A very important aspect of defence equipment is that they have very large life cycles. Average equipment meant for defence purpose will be used for 15-20 years and sometimes even 30 years. That means the equipment has to be designed for efficient maintenance and there has to be a maintenance methodology throughout its lifecycle.

You talked about different modules on the PLM: design, development and manufacturing. Can they be in different countries or physical spaces? Have you tried this in any of the defence programmes in India?
Indian defence ecology till now has been limited to within the country but that is changing fast. We have done this many times in the commercial products from where we have learnt a lot. Maruti Suzuki India Ltd (MSIL) for example, uses Siemens PLM platform for all models of their cars. There are multiple suppliers, and the suppliers are spread all over the globe. They design certain parts and sub-assemblies, order some and manufacture some. While the design, development and manufacturing is happening at various places in the globe, the engineering information is integrated through the Siemens PLM platform.

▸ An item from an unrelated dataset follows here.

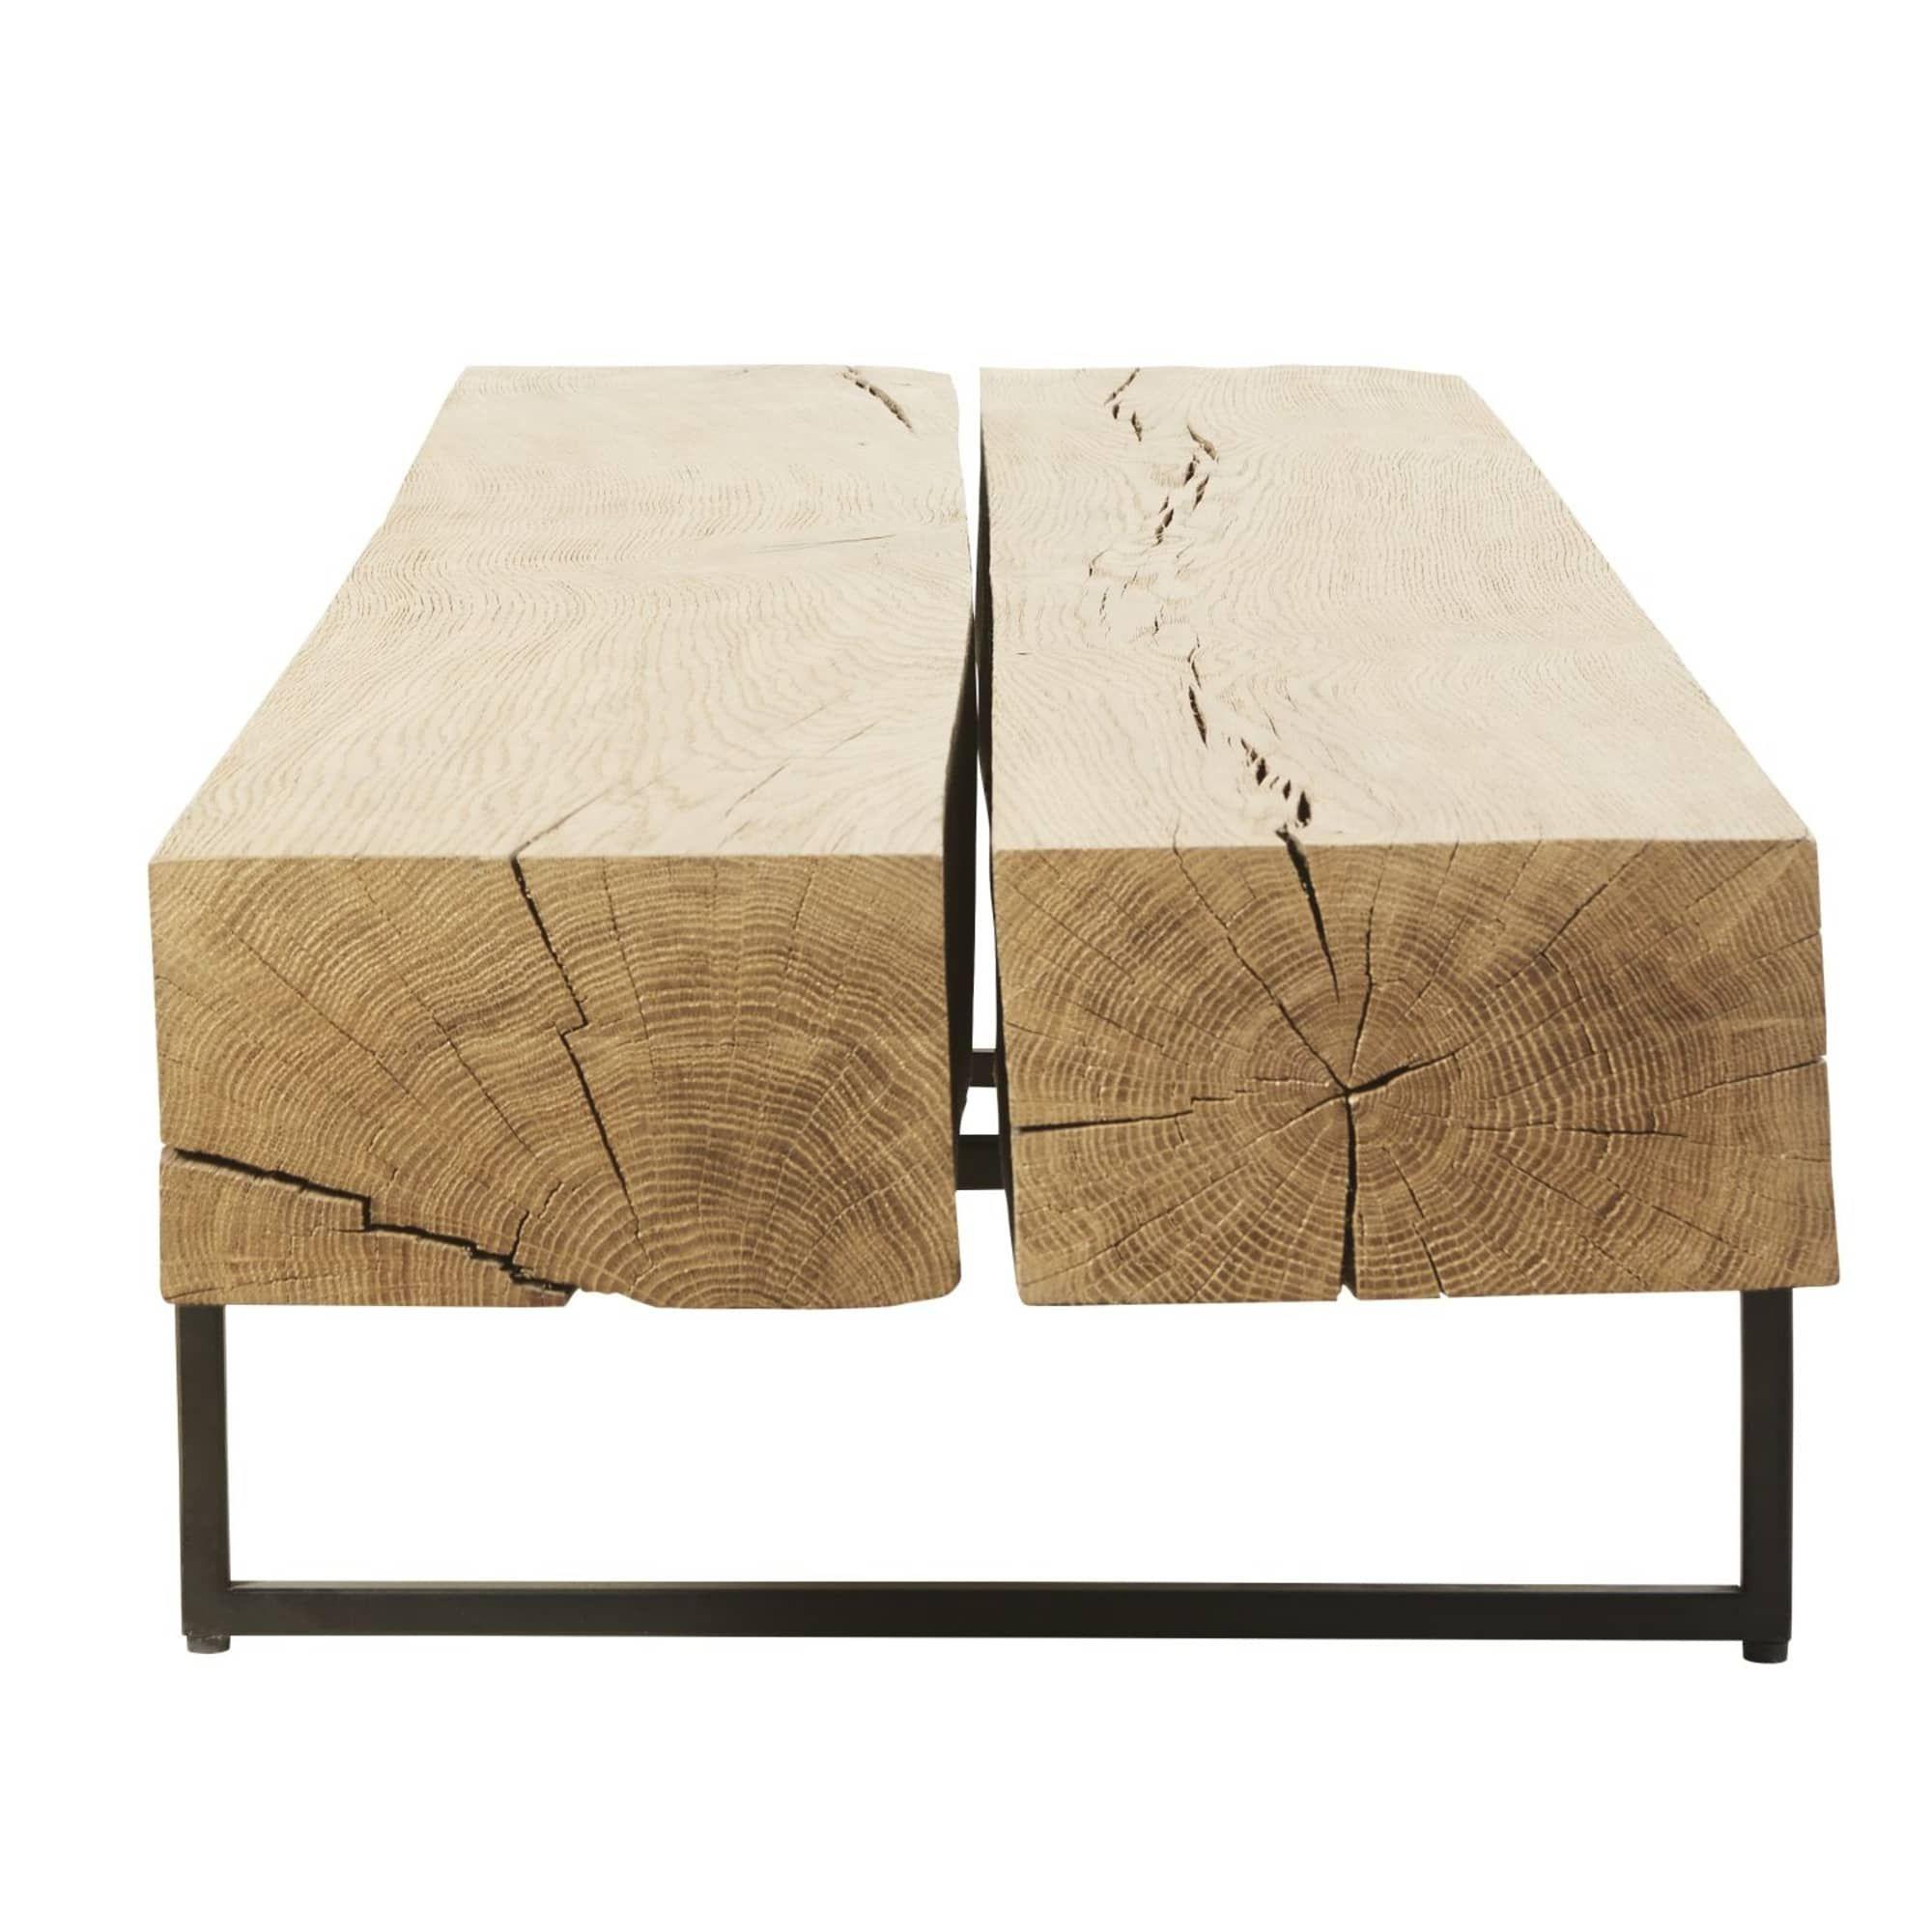 Table Basse En Chene Massif Et Metal Noir Magnus Maisons Du Monde Table Basse Chene Table Basse Bois Brut Table Basse

As an engineering product there is not much difference between an automobile and an aircraft. Yes, the specifics of quality are different, the specifics of life cycle management are different, but as a principle it is the same.

A relevant example to mention here will be of Lockheed Martin Aeronautics (Lockheed Martin), which won the contract to produce the F-35. Lockheed Martin’s strategy is to create a common design with affordable variants that meet the individual requirements of the different services. Lockheed Martin is partnering with the US and international aerospace leaders, including Northrop Grumman and BAE Systems in the UK. These three primary partners are supported by up to 600 suppliers. In all, the parties involved in the production of the F-35 reside in more than 30 countries, spanning 17 time zones. The programme is expected to produce as many as 3,000 plus aircraft, which will have lifespans of up to 30 years.

Lockheed Martin has adopted Teamcenter software as the foundation for a global collaboration network supporting the F-35 programme. Teamcenter supports the special requirements of aerospace and defence companies by providing proven, industry-specific PLM capabilities.